Begitulah dunia dan manusia sebagai penghuninya, mereka berlomba menggapai apa yang mereka sebut modernitas, berebut saling sikut untuk mendapat gelar manusia modern. Dalam upayanya meraih modernitas, manusia dimanjakan oleh teknologi. Teknologi yang memberikan mereka aneka kemudahan. Kemudahan yang kemudian menggiring manusia sampai pada titik jenuh dengan lebih cepat. Teknologi memang mengakselerasi pencapaian namun tanpa disadari mengakselerasi juga kejenuhan.
Manusia-manusia yang jenuh di dunia yang renta adalah mayat-mayat hidup yang kehilangan kemanusiaannya. Mereka berubah menjadi monster-monster mengerikan yang melahap sisa-sisa kebijaksanaan hidup dengan rakus. Lihatlah sebagian kaum ibu yang dulu dikenal begitu santun dan lembut kini berubah jadi “the power of emak-emak” yang siap menyalip setiap kendaraan di depannya dengan send terbalik. Emak-emak yang siap melawan siapapun yang menegurnya meski dialah yang sebenarnya berbuat salah. Emak-emak yang tak kenal budaya antri. Mereka adalah manusia modern yang kehilangan nilai kehidupan.
Masyarakat desa yang dulu begitu santun, perlahan tapi pasti mulai kehilangan ciri khasnya. Mereka kini menunduk bukan karena santun saat bertemu orang, tapi menunduk karena asyik dengan dunia maya yang melenakannya.
Rumah abah Wira yang dituju Kay adalah satu-satunya orang yang mungkin masih Kay kenal. Abah Wira adalah paman dari ibunnya Kay, Ainun.. Kay berjudi, ia tidak yakin abah Wira masih hidup, masih ingat padanya, atau kalaupun masih ingat, apakah ia masih mau menerimanya, entahlah. Ada bimbang yang menghalangi jalan, tapi waktu terus melipat kesempatan, hingga ia harus bergegas.
Kay juga ingat saat dulu terusir dari rumahnya, Abah Wira sedang merantau ke Malaysia, jadi TKA disana, tepatnya di perkebunan sawit milik sebuah perusahaan swasta. Kay meragu, apakah abah Wira sudah kembali dari Malaysia atau dia masih tinggal disana. Ah entahlah, ia mencoba saja tetap melangkah.
Rumah abah Wira berada di ujung desa Wangun. Jauh juga dari rumah Kay yang dulu dirampas juragan Firly. Rumah yang terpencil dari rumah-rumah penduduk desa Wangun lainnya. Masih sama dengan puluhan tahun lalu, rumah itu masih berupa rumah panggung dengan beberapa lubang di dinding. Sudah lama rupanya kayu-kayu itu tidak mandi cat. Warnanya begitu kusam. Tapi bagi Kay meskipun kusam ia tampak muda. “Assalaamu’alaikum...sampurasun...” ujar Kay dua tiga kali.

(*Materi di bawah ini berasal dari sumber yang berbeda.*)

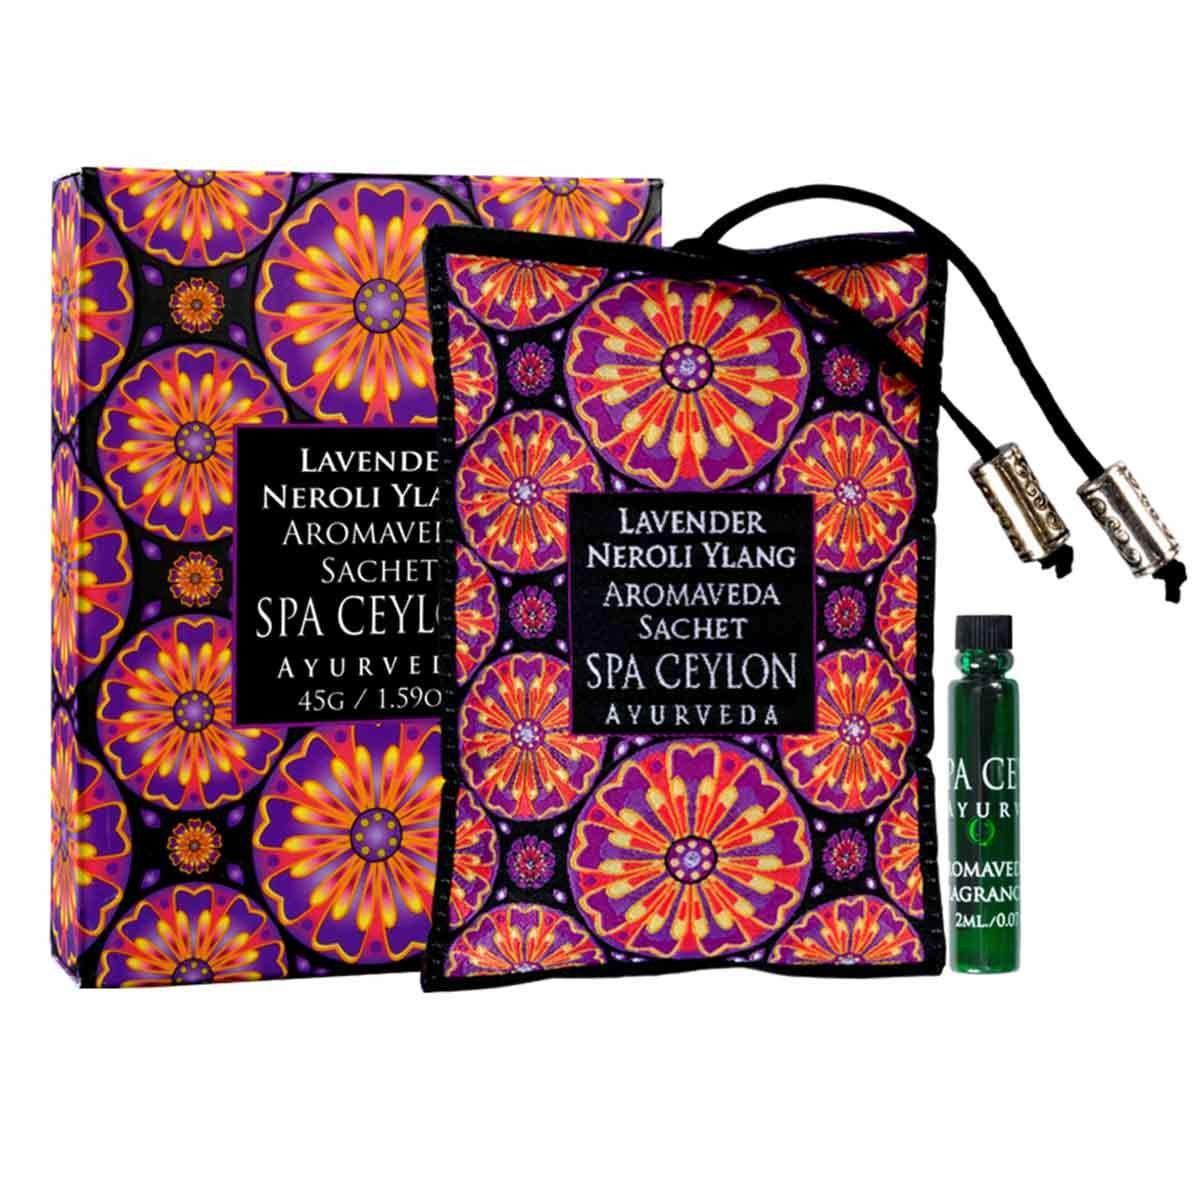 Spa Ceylon Luxury Ayurveda Lavender Neroli Ylang Aromaveda Aroma Sachet, Aromatherapy Blend with Essential Oils, 45 Grams

“Wa’alaikum salam ...rampes...” jawab seorang laki-laki renta berbaju dan celana hitam lengkap dengan totopong (ikat kepala batik khas orang Sunda) di kepalanya, dia abah Wira. Kay segera meraih tangan yang sudah teramat renta itu untuk diciumnya dengan penuh rengkuh. Abah Wira masih termangu, rupanya ia belum mengenal sosok pencium tangannya itu.
“Bah...damang (sehat) ? tanya Kay ramah.
“Alhamdulilah...saé (sehat)..ké...saha ieu teh? (sebentar...siapa ini ya?)